Nor did he respond to a question about whether Dunn's signature would be placed electronically on certain agency documents. But he acknowledged in recent days that, for a brief time, Dunn's signature could have appeared on checks after her removal Jan. 8. He added that Dunn had contacted the agency to ensure her name was taken off all CAO accounts. He said CAO's business office worked to do so.
"The CAO routinely removes and adds signatories to its accounts as board officeholders change," he told The News in an email. "If something fell through the cracks concerning Ms. Dunn, the CAO will immediately correct it."
The FBI and the Attorney General's Office did not comment for this article.
The sources were unable to say how seriously the FBI agents view CAO's use of Dunn's signature. A lawyer who defends clients in cases of bank fraud and other white-collar crimes said that using an outdated name to endorse a check is not a crime if there was no intent to defraud.
"Whoever was authorized to do the check should have realized there should have been a new signature," said Hope Lefeber, an attorney from Philadelphia, Pa. But she said it would not rise to the level of fraud if no one was making payment to a person who should not have received the money. You have to have intent to defraud in order for it to be a crime, she said.
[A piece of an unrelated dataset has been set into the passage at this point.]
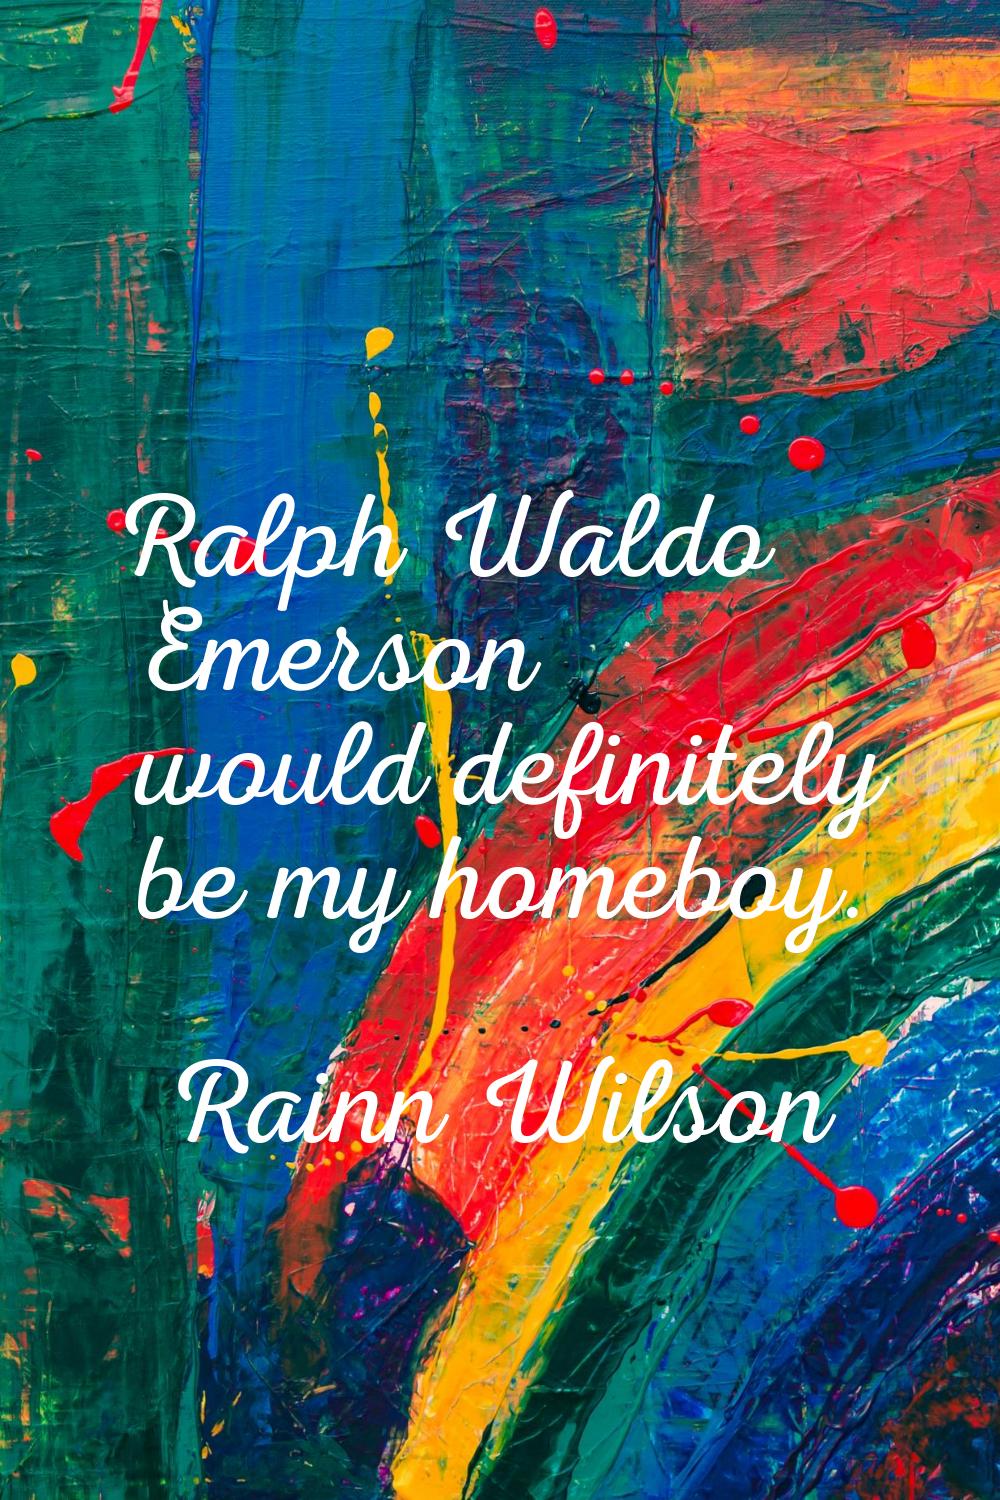 Ralph Waldo Emerson would definitely be my homeboy.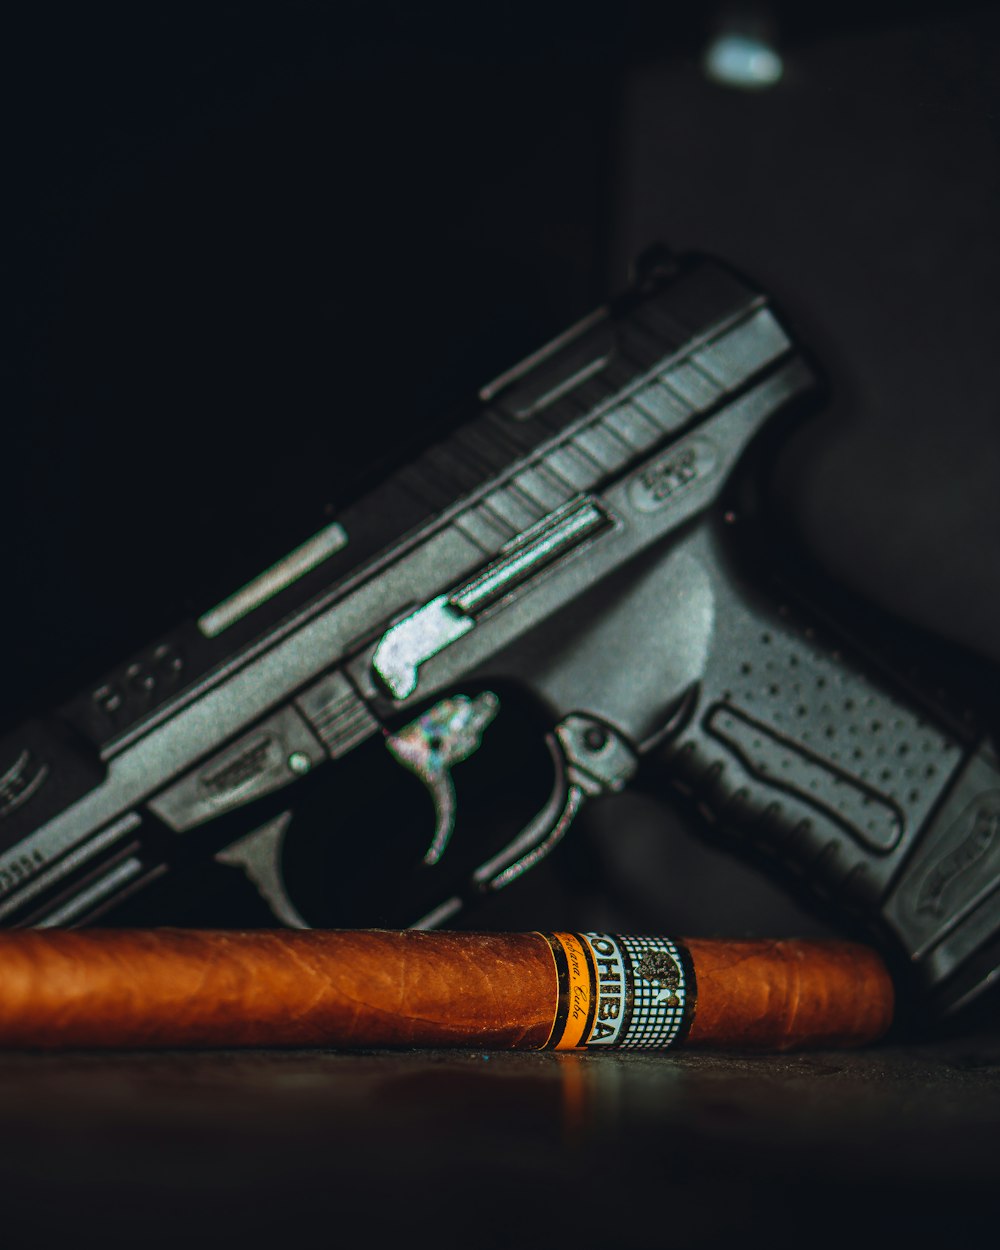 a cigar sitting next to a gun on a table

Dunn was right to be concerned if her name was used on checks when she no longer was involved with CAO, said Robert Davis, a professor emeritus of accounting at Canisius College.
The people who sign checks are responsible for verifying that each check they sign is properly prepared and represents a legitimate organizational expense, he said, and they can be held liable or subject to criminal investigation for signing checks drawn fraudulently or illegally.
"I can appreciate the frustration and anxiety of Ms. Dunn in her efforts to remove her name from the list of authorized signatories," he said. "I am dumbfounded that any organization would continue to assign this type of responsibility to an individual who is no longer associated with the institution in any capacity."
Weeks ago, Davis called CAO's accounting primitive after reading about issues the agency's accounting firm had raised. But like Lefeber, Davis said fraud involves intent.
"Caution should be exercised in suggesting fraudulent behavior," Davis told The News. "An essential element of fraud requires intent. For this organization, distinguishing between gross incompetent behavior and fraud is going to be challenging."